Legacy companies will struggle with AI
Legacy companies are slow to roll out AI tools due to risk aversion and bad incentives
Yesterday, I came across an intriguing LinkedIn post by Ted Merz, a longtime Bloomberg News executive turned entrepreneur. Merz discussed SigTech, a financial analytics startup launching a no-code solution designed to democratize access for firms and analysts with limited programming resources. He highlighted that this innovation is part of a broader transformation on Wall Street, where natural language processing (NLP) and generative AI are delivering solutions previously deemed unimaginable.
Merz illustrates how SigTech’s software can interpret natural language instructions and perform complex analyses. For example, he provides this prompt: “Construct a rolling futures strategy for the past two years for gold, silve, and Bitcoin, allocating 15%, 35%, and 50% to each. Analyze and chart its performance.” This capability is a game-changer for Wall Street, and Merz’s post offers further insights into its potential impacts.
However, I’d like to shift the focus to a related issue that Merz briefly touches on—the adoption of AI by legacy companies. Merz states, “The dominant platforms in the financial information business—Bloomberg, FactSet, and Refinitiv Eikon—have been slow to roll out AI features.” I responded to his post, noting that this doesn’t surprise me. Last year, Bloomberg generated buzz with BloombergGPT, an attempt to emulate OpenAI’s ChatGPT success. However, updates on BloombergGPT have since been scarce, likely for good reason.

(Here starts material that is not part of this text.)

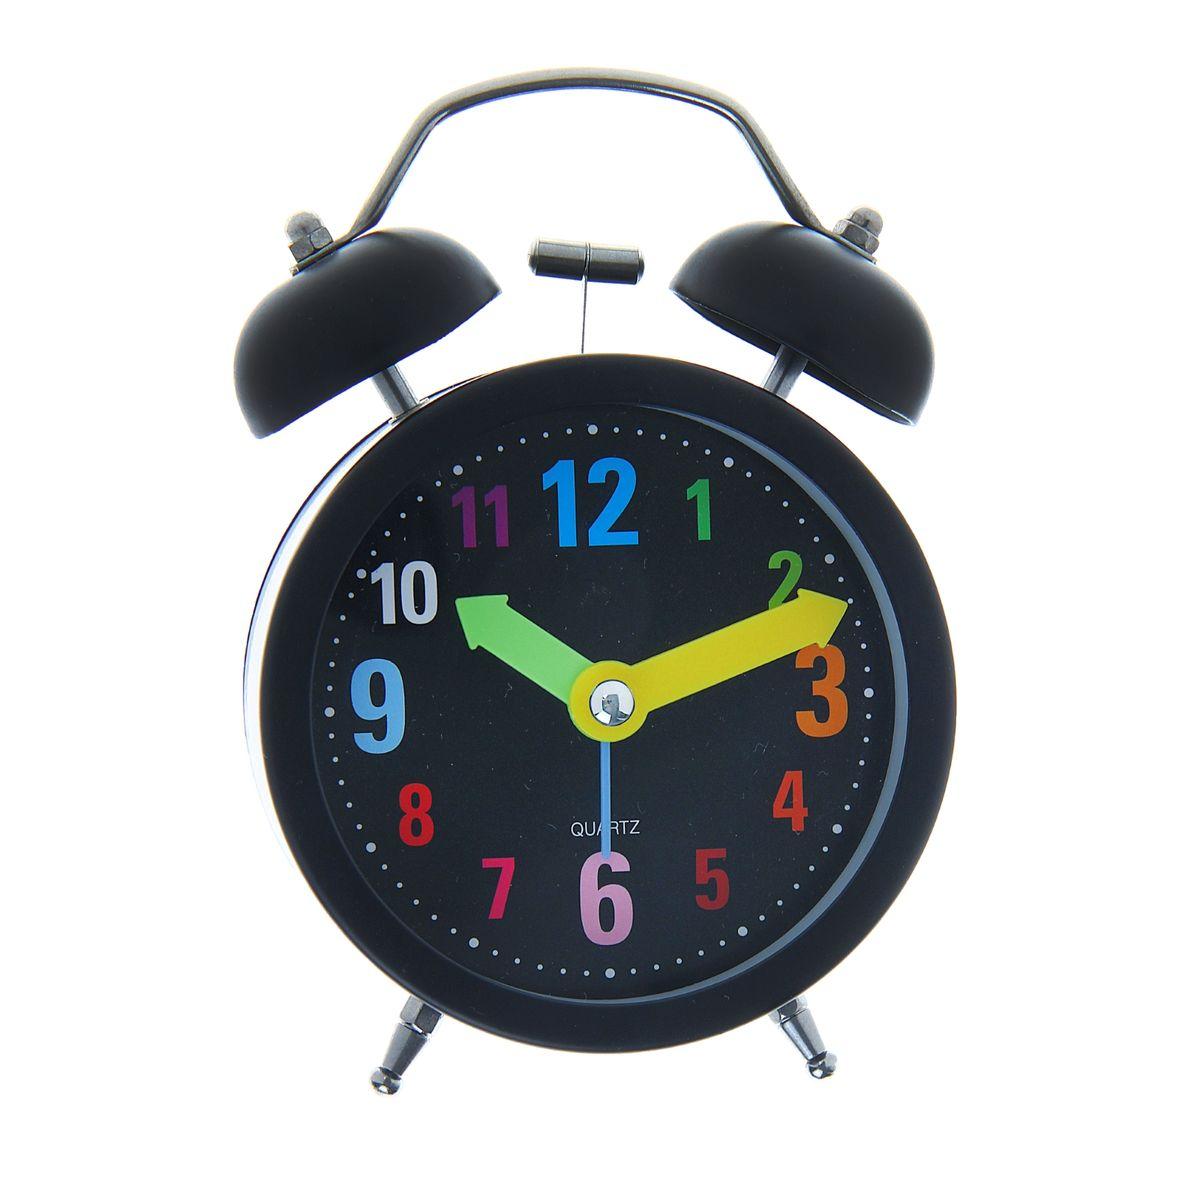 Часы-будильник Sima-land Разноцветные цифры1056418Яркий и оригинальный будильник Sima-land Разноцветные цифры поможет вам всегда вставать в нужное время и успевать везде и всюду. Корпус будильника выполнен из металла и пластика. Циферблат имеет разноцветные арабские цифры и 3 стрелки - секундную, минутную и часовую. Будильник украсит вашу комнату и приведет в восхищение друзей. Время показывает точно и будит в установленный час. На задней панели будильника расположены переключатель включения/выключения механизма, а также два колесика для настройки текущего времени и времени звонка будильника. Также будильник оснащен кнопкой, при нажатии и удержании которой, подсвечивается циферблат. Будильник работает от 1 батарейки типа AA напряжением 1,5V (не входит в комплект).

The core issue for Bloomberg and other legacy companies capable of developing AI features is their inherent organizational risk aversion. Executives at these companies, shaped by their training and professional demeanor, tend to avoid risky projects. Consequently, unreliable and potentially hallucinatory AI technologies are unlikely to be pursued, despite these technologies posing existential threats to legacy revenue streams.
This dynamic isn’t intuitive to many technologists, especially those who flourish in startup environments. It’s not just financial analytics firms that grapple with this issue; even tech giants like Google face similar challenges. Google’s hesitance to release AI products stems partly from concerns over model bias, but primarily from the existential threat AI poses to its ad-based search business. When a company’s revenue heavily relies on a particular model, executives are incentivized to protect it at all costs, even if a new technology threatens those legacy revenue streams.
Legacy firms’ risk aversion creates a significant gap between innovative startups and established industry giants. This gap presents a unique opportunity for entrepreneurial ventures to step in and provide cutting-edge AI solutions tailored to specific industry needs. Companies like SigTech in financial analytics, or John Snow Labs in pharma research, exemplify how startups can thrive by offering specialized AI capabilities that legacy firms are hesitant to develop internally.